It’s been a difficult year for Minneapolis pedestrians, with a string of accidents causing injury and even loss of life. In downtown Minneapolis, several pedestrians have been struck while crossing the street. With the warm weather leading to so much pedestrian traffic, both downtown and in the outer lying areas of Minneapolis, it’s important to stress the importance of safety. Whether you’re the pedestrian or the driver, you need to be aware of everything around you at all times to avoid an accident. Zach Bauer and Andrew Davick of Meshbesher & Spence recently stopped by KROC AM to discuss pedestrian safety

Pedestrian Crosswalks and Drivers

Tell us a little about why pedestrian safety is on your mind lately. We like to go to lunch downtown. The first time an incident happened that caught our attention, we stopped at a crosswalk with the “walk” light blinking, only to see cars barreling through on the left side, putting pedestrians in danger. And then a second time, we’re stopped, again for somebody in a crosswalk, and the person behind us had to slam on the brakes because they were on their phone. People simply aren’t paying attention at all.

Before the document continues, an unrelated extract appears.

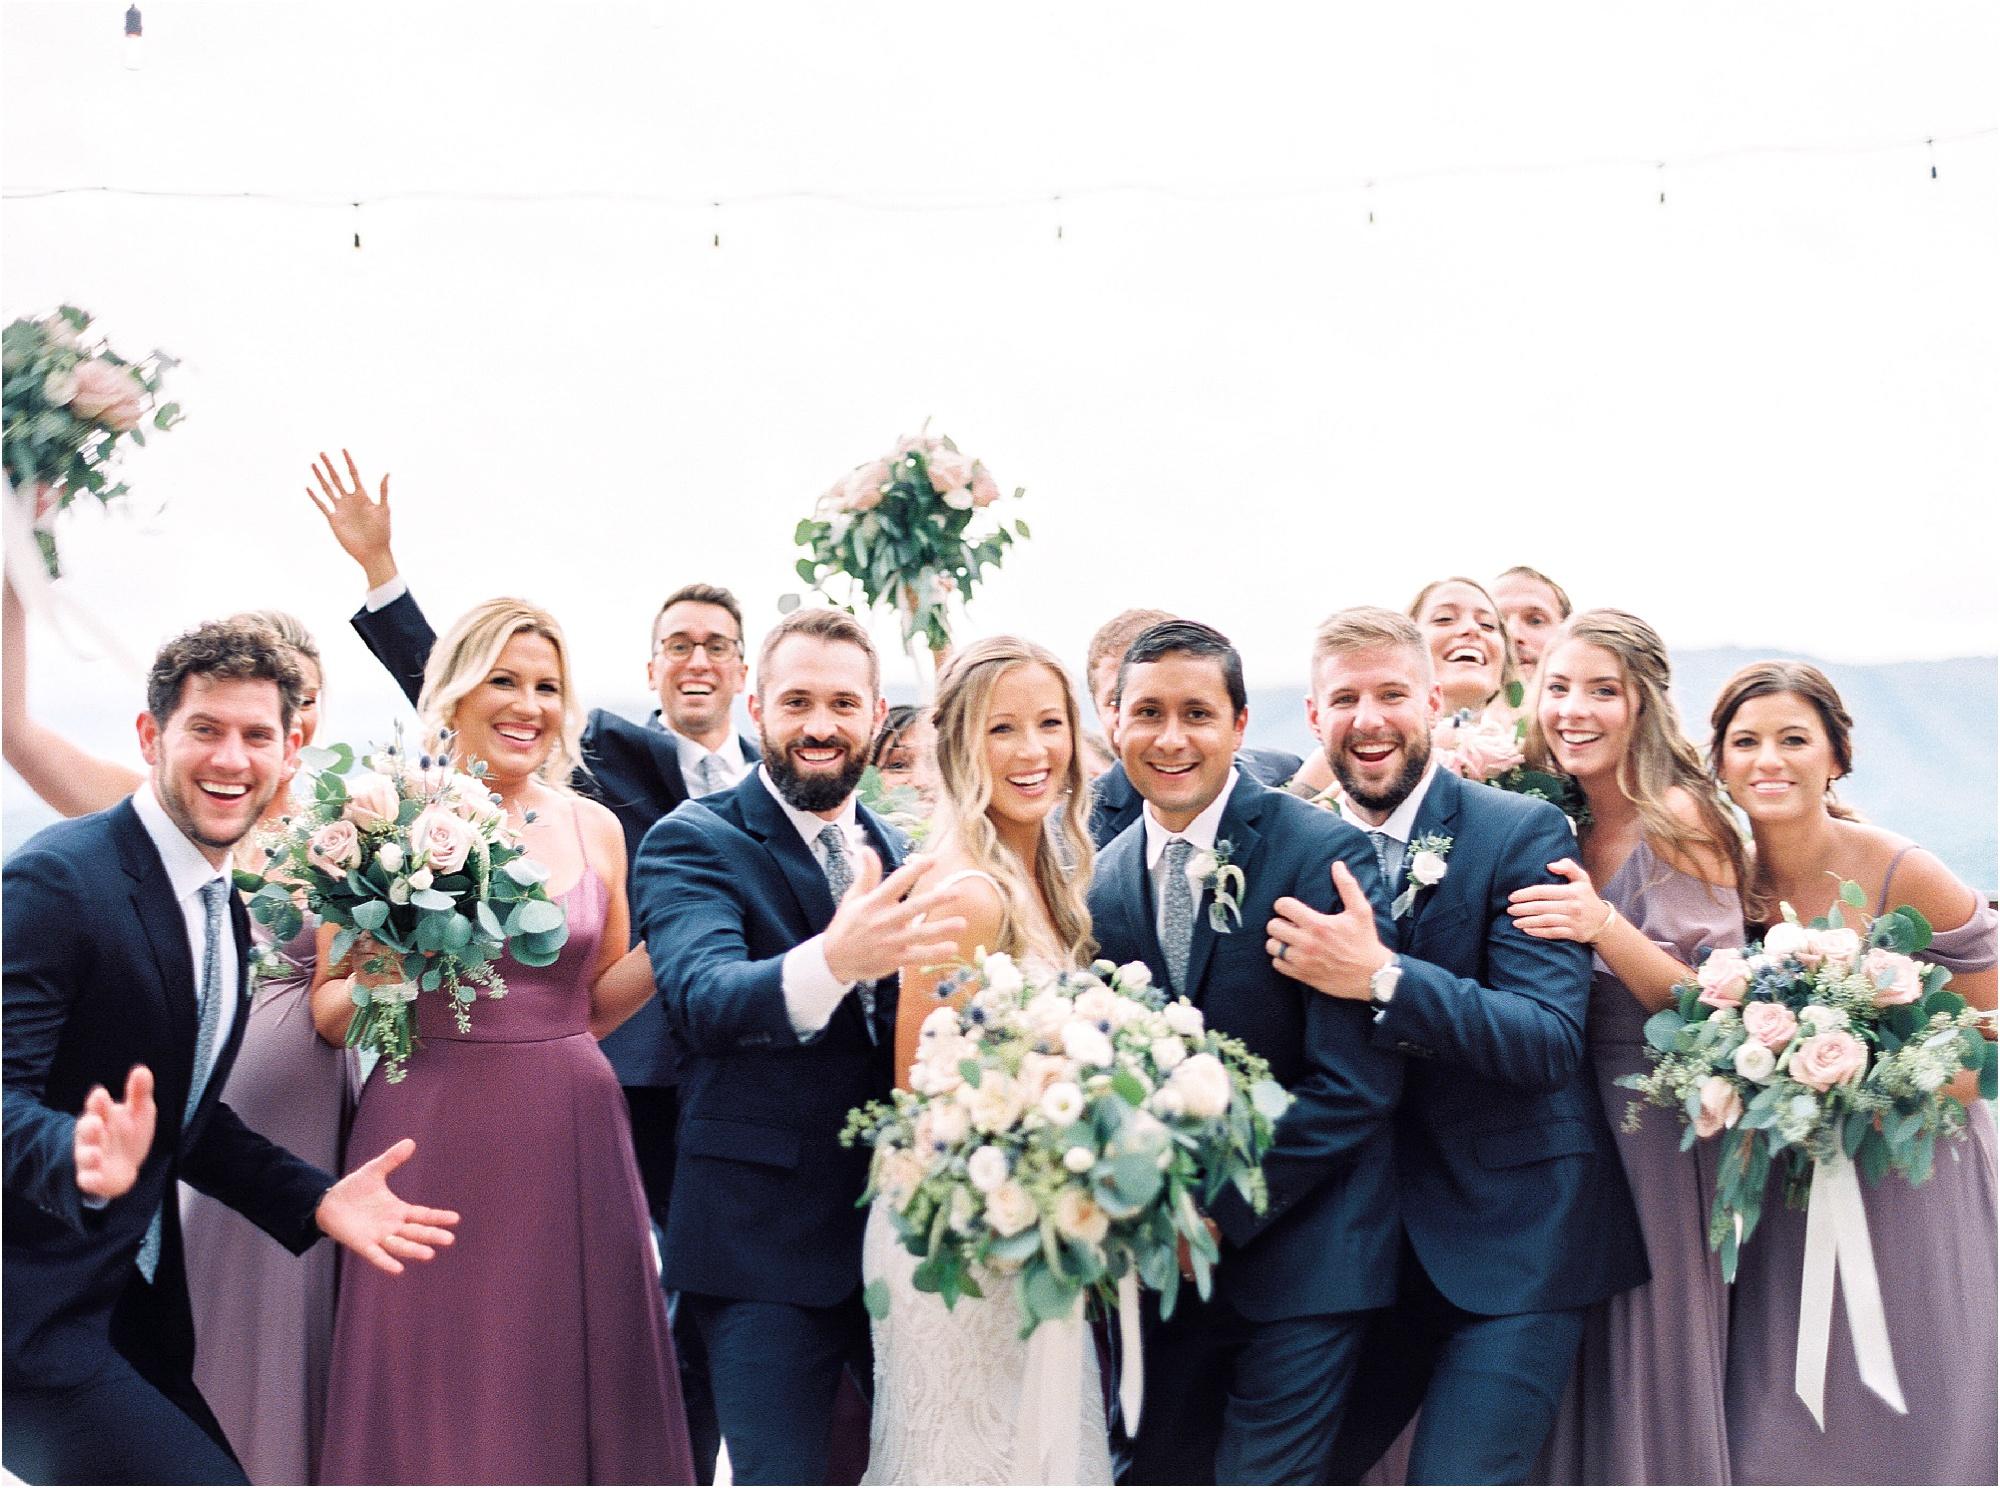 bride, groom, and groomsmen group photos

The walkers sometimes don’t pay attention, either. Yes, fortunately in this case, that person who was crossing did pay attention but when you got the flashing lights, that should be obvious.

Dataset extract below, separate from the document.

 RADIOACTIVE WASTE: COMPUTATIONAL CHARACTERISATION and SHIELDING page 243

Especially if other cars are stopped. It is hard to understand. First of all, you’ve got these big flashing lights on Second Street and if you’ve ever driven on Second Street, you’d know that they’re there. It’s pretty obvious. Why somebody would not see that and stop is beyond imagining. Most of the time, it’s just distracted drivers or people not paying attention or who are arguably ignorant of the law.

Pedestrian-Driver Laws

What is the law on this? Obviously there are civil ramifications for striking somebody in a crosswalk, but there are also some criminal ramifications for it, especially if there’s some type of great bodily harm or death that results from it. There have been some changes in law recently where there’s actually been a special part of the reckless driving statute that’s been carved out to deal specifically with loss of life or great bodily harm. It could be under a different statute called criminal vehicular operation, but it’s a gross misdemeanor level offense, so it has some criminal penalties that attach to it as well.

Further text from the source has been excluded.